Did I miss something ?
I don't understand the Test Suite for x = 3 and x = 1 too. what should I do in this case?
For x=3, the steps are 3000-0003=2997, 9972-2799=7173, etc.
Problem description is confusing as there are different Kaprekar constants depending on the number of digits. [0 9 495 6174 for 1, 2,3 4 digits respectively.
getting this error:
Internal Server Error - Read
The server encountered an internal error or misconfiguration and was unable to complete your request.

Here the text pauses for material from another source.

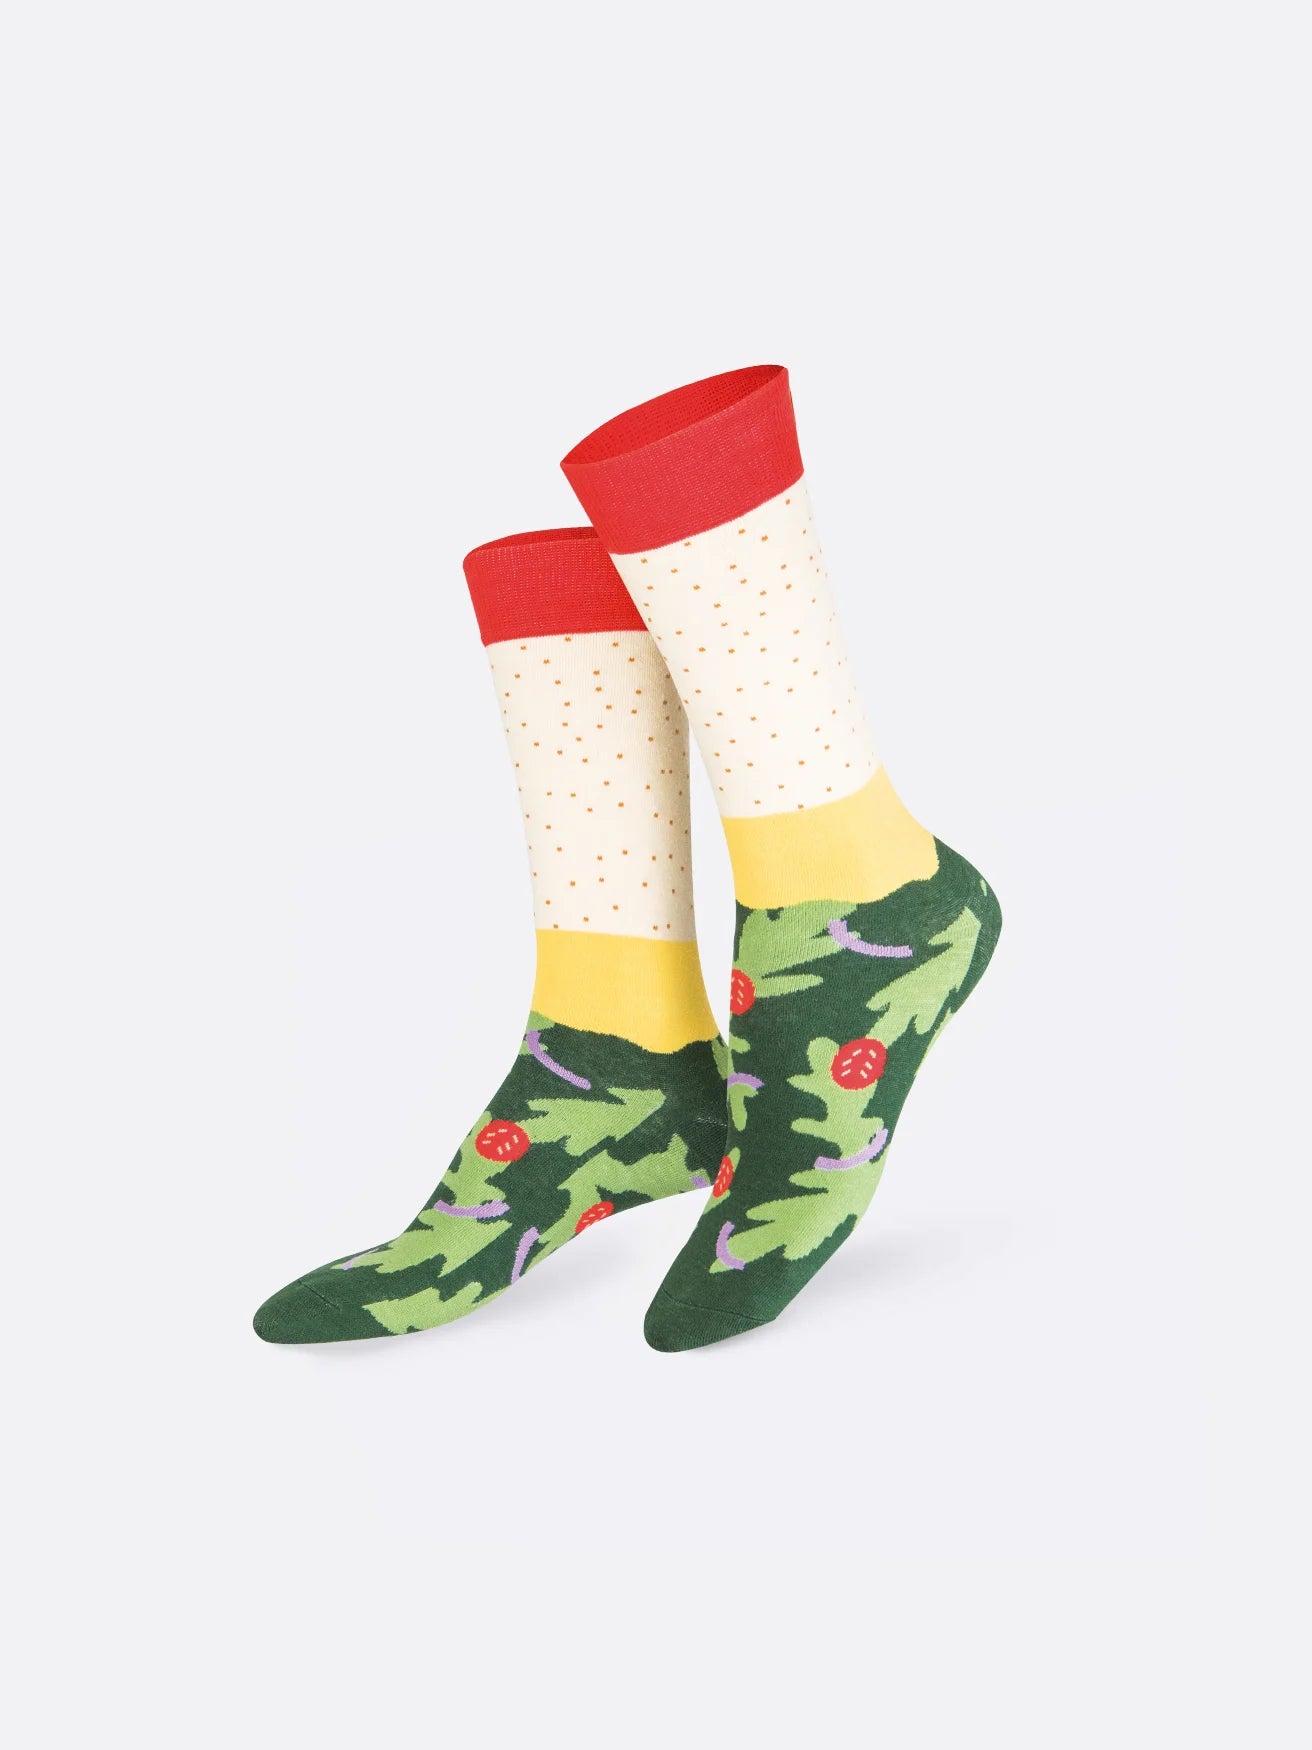 Socks - Napoli pîzza vegan | Eat my socks

Reference #3.c2c1ab8.1412090777.18623697
any ideas?
The problem should specify that any number with less than four digits should be filled up to four digits with leading zeros. (e.g. 3 -> 0003)
Very nice and interesting problem!
I like the recursion aspect of this problem.

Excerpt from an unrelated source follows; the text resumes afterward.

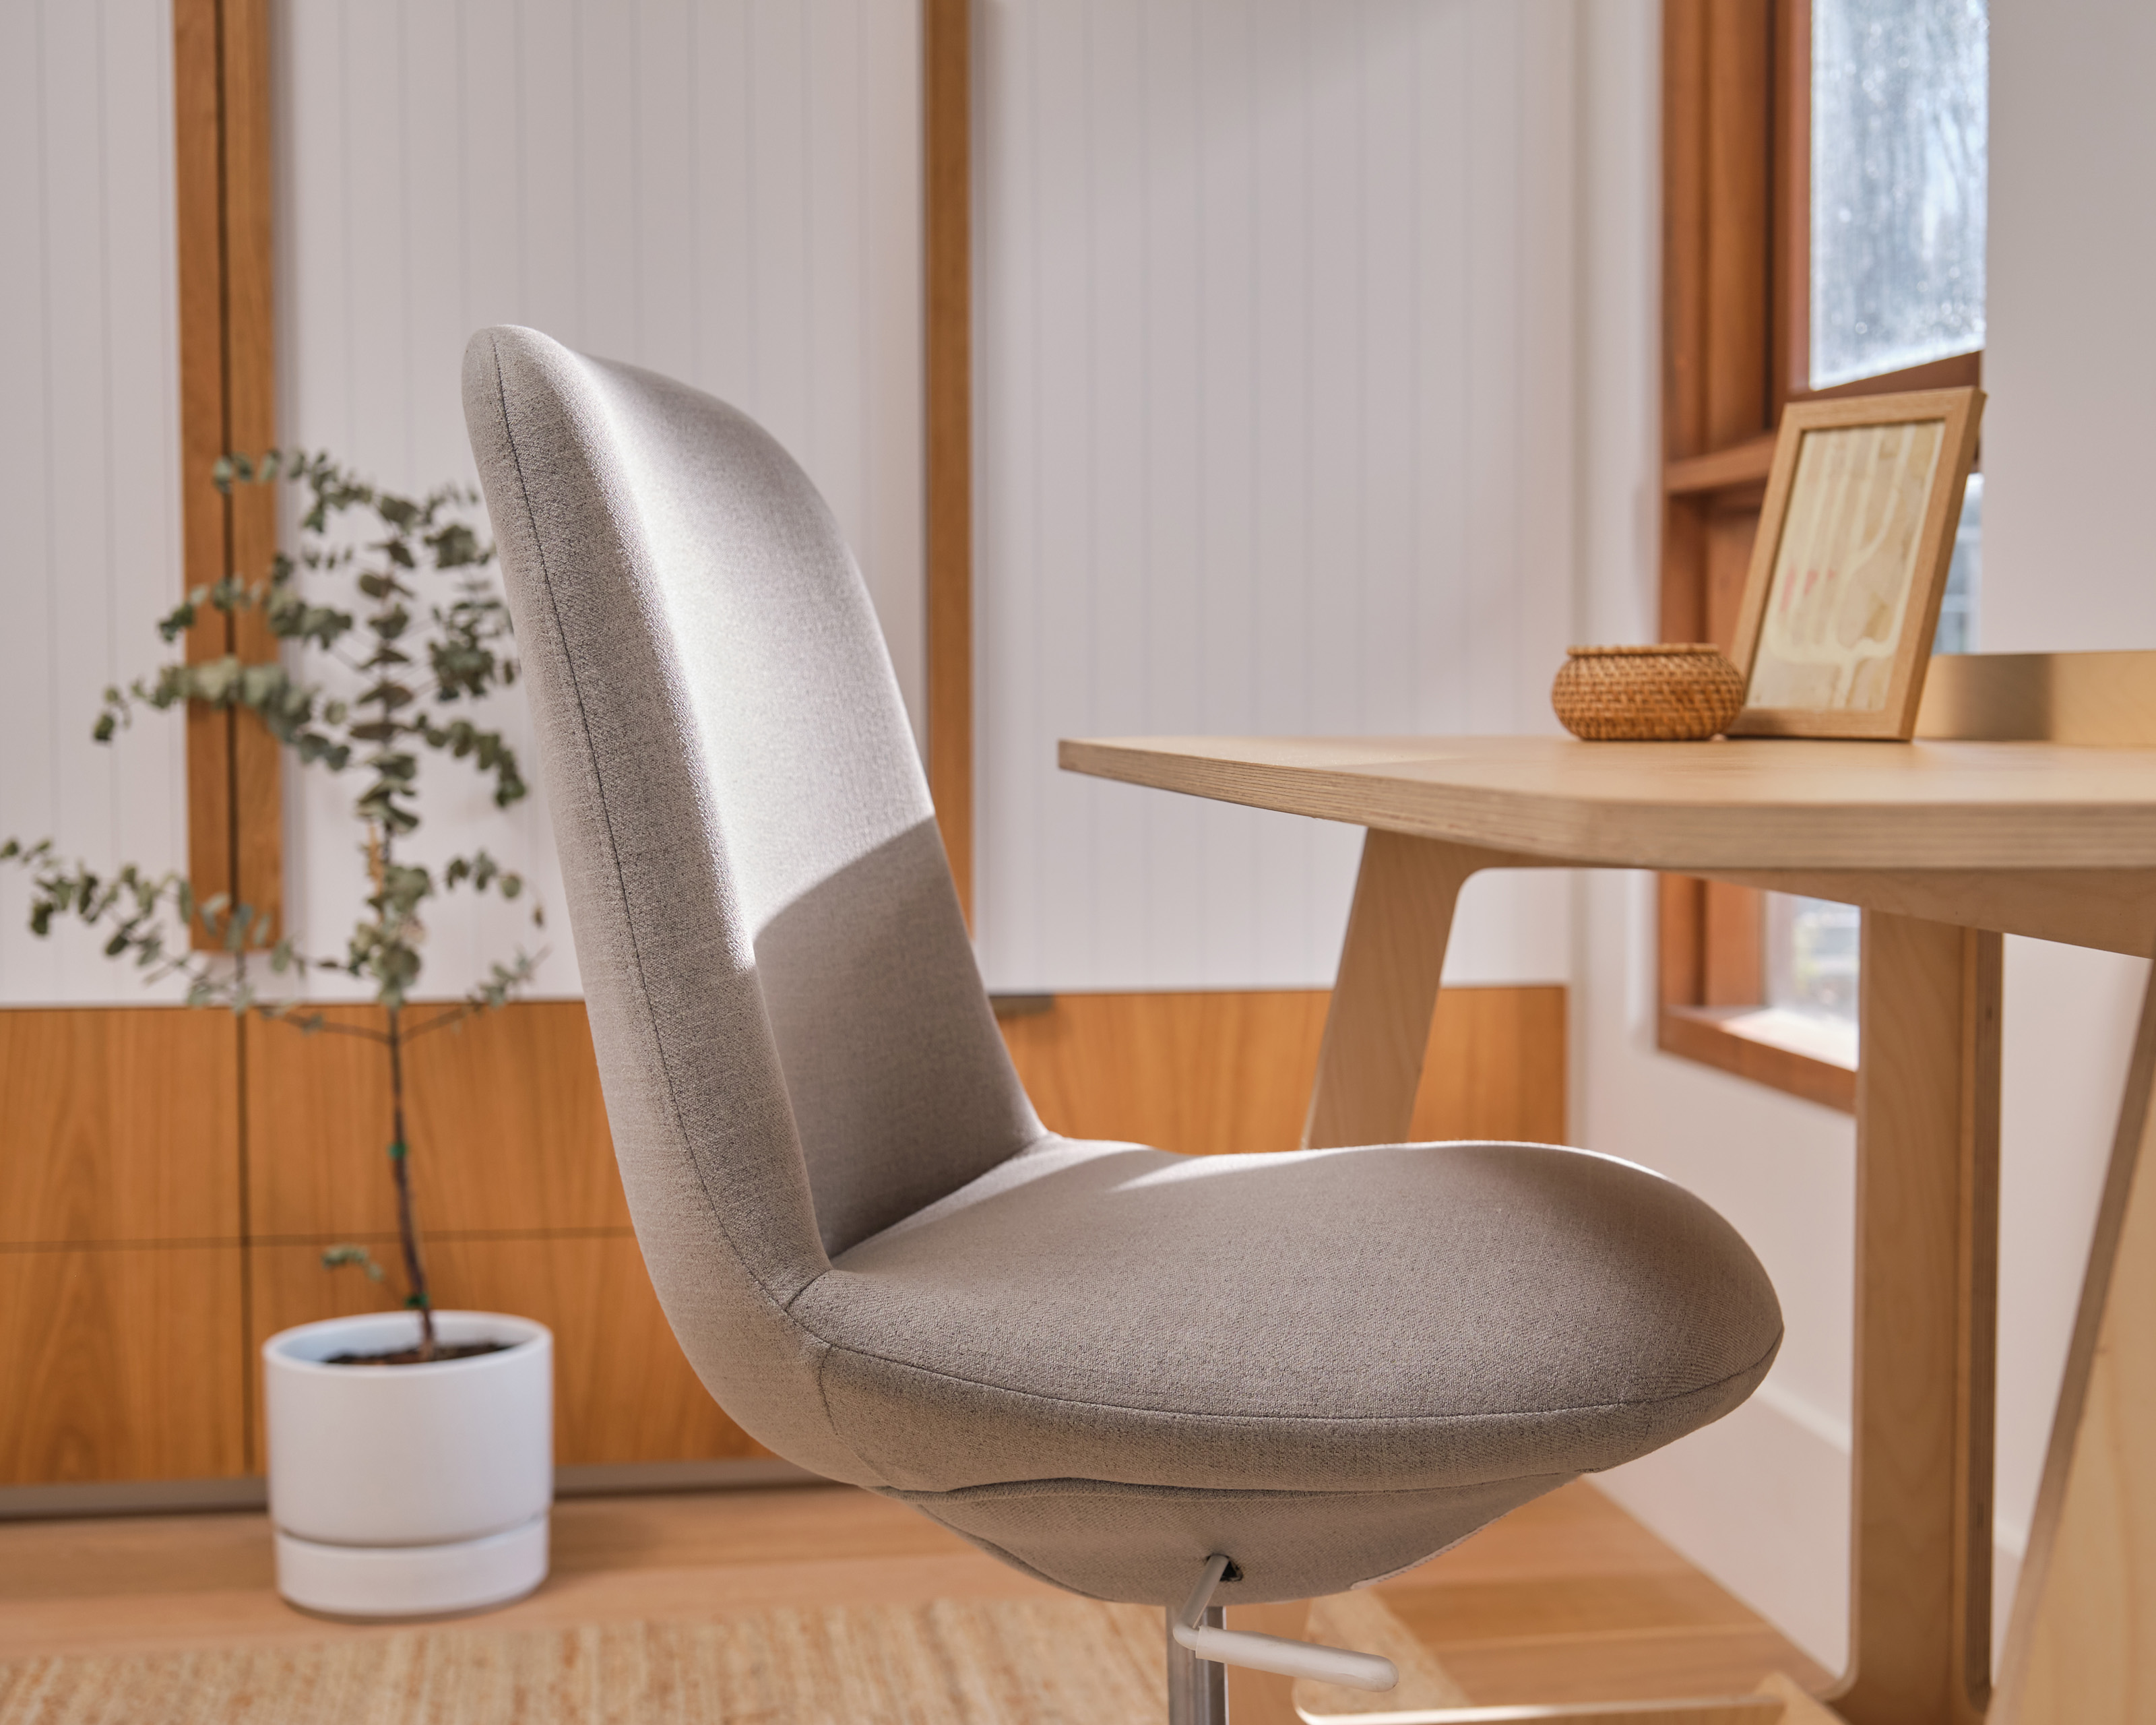 The Koala Upright Home Office Chair | Ain't No Slouching | Koala AU

There is a small correction needed in the problem statement. Not all natural numbers, but 4 digit numbers can be reduced to Kaprekar number by the mentioned method. Similarly 3 digit numbers can be reduced to 495
https://en.wikipedia.org/wiki/D._R._Kaprekar
How it works x = 1？？？？？
For those confused with test cases 2,3 and 5, like myself before, do conversion to 4-digit integer. Here is an example:
x = 1:
1000-0001 = 999
9990-0999 = 8991
9981-1899 = 8082
8820-0288 = 8532
8532-2358 = 6174
Therefore, y_correct = 5
love it!!!
Very nice. Took some few minutes to crack this.

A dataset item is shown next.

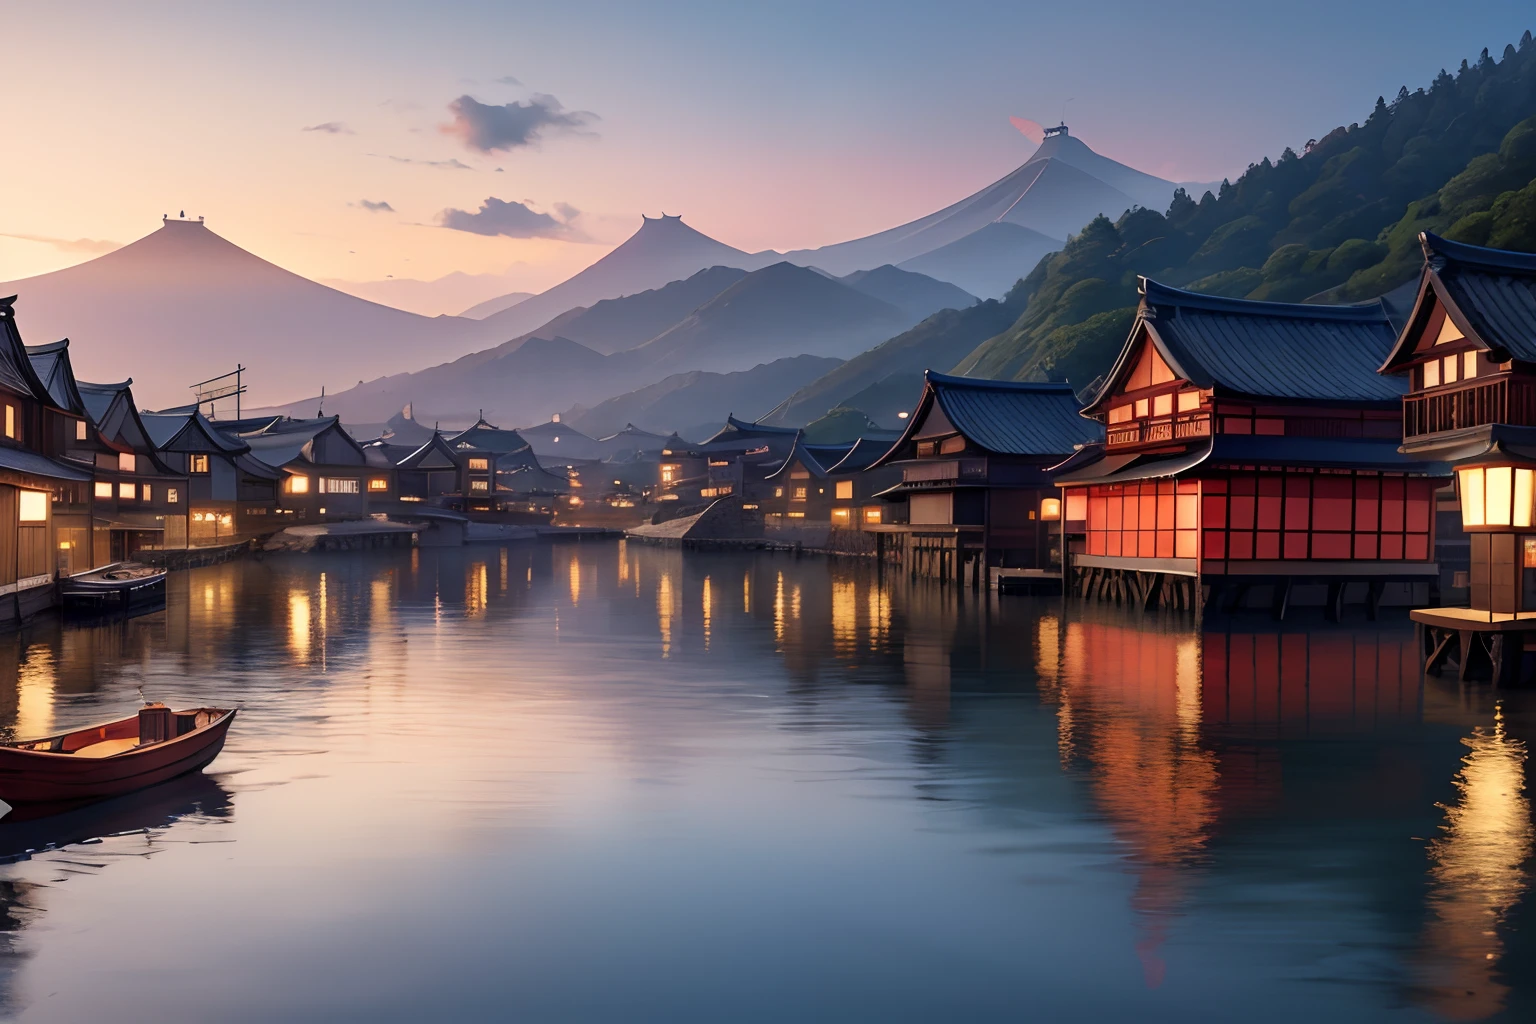 水上漂浮小镇, 中世纪日本, 景观, 全景, 8千, 详细的, 顶级品质

What I did is to convert x into string and then use sort function.
I am used to program with C, could someone have a vectorization solution for this problem in MATLAB way?
function y = KaprekarSteps(x)
y = 0;
while ~(x == 6174 || x == 0)
x = step(x);
y = y + 1;
end
if x == 0
y = inf;
end
end
function x = step(x)
digits = getDigits(x);
gain = [1000 100 10 1]';
x_d = sort(digits,"descend")*gain;
x_a = sort(digits,"ascend")*gain;
x = x_d - x_a;
end
function digits = getDigits(x)
digits = [0 0 0 0];
for i = 1:4
digits(i) = fix(x/(10^(4-i)));
x = mod(x,10^(4-i));
end
end
function y = KaprekarSteps(x)
y=0;
while x<1000
x=x*10;
end
x1=floor(x/1000);
x2=floor((x-x1*1000)/100);
x3=floor((x-x1*1000-x2*100)/10);
x4=mod(x,10);
if x1==x2&&x2==x3&&x3==x4
y=Inf;
elseif x==6174
y=0;
else
x_ori=[x1,x2,x3,x4];
x_ori=sort(x_ori);
x_inv=fliplr(x_ori);
dif=0;
while dif ~=6174
x_1=1000*x_inv(1)+100*x_inv(2)+10*x_inv(3)+x_inv(4);
x_2=1000*x_ori(1)+100*x_ori(2)+10*x_ori(3)+x_ori(4);
dif=x_1-x_2;
y=y+1;
while dif<1000
dif=dif*10;
end
dif1=floor(dif/1000);
dif2=floor((dif-dif1*1000)/100);
dif3=floor((dif-dif1*1000-dif2*100)/10);
dif4=mod(dif,10);
dif_ori=[dif1,dif2,dif3,dif4];
x_ori=sort(dif_ori);
x_inv=fliplr(x_ori);
end
end
end
The test suite doesn't match the problem description - how can the answer to test two be 5?
Cheated with 1...:
1000 - 0001 = 999.
999 - 999 = 0
y = inf;
No?
How it works with x = 3, x = 691, x = 1?
This works for all but test 3 where it gives, in my opinion, the correct answer 8.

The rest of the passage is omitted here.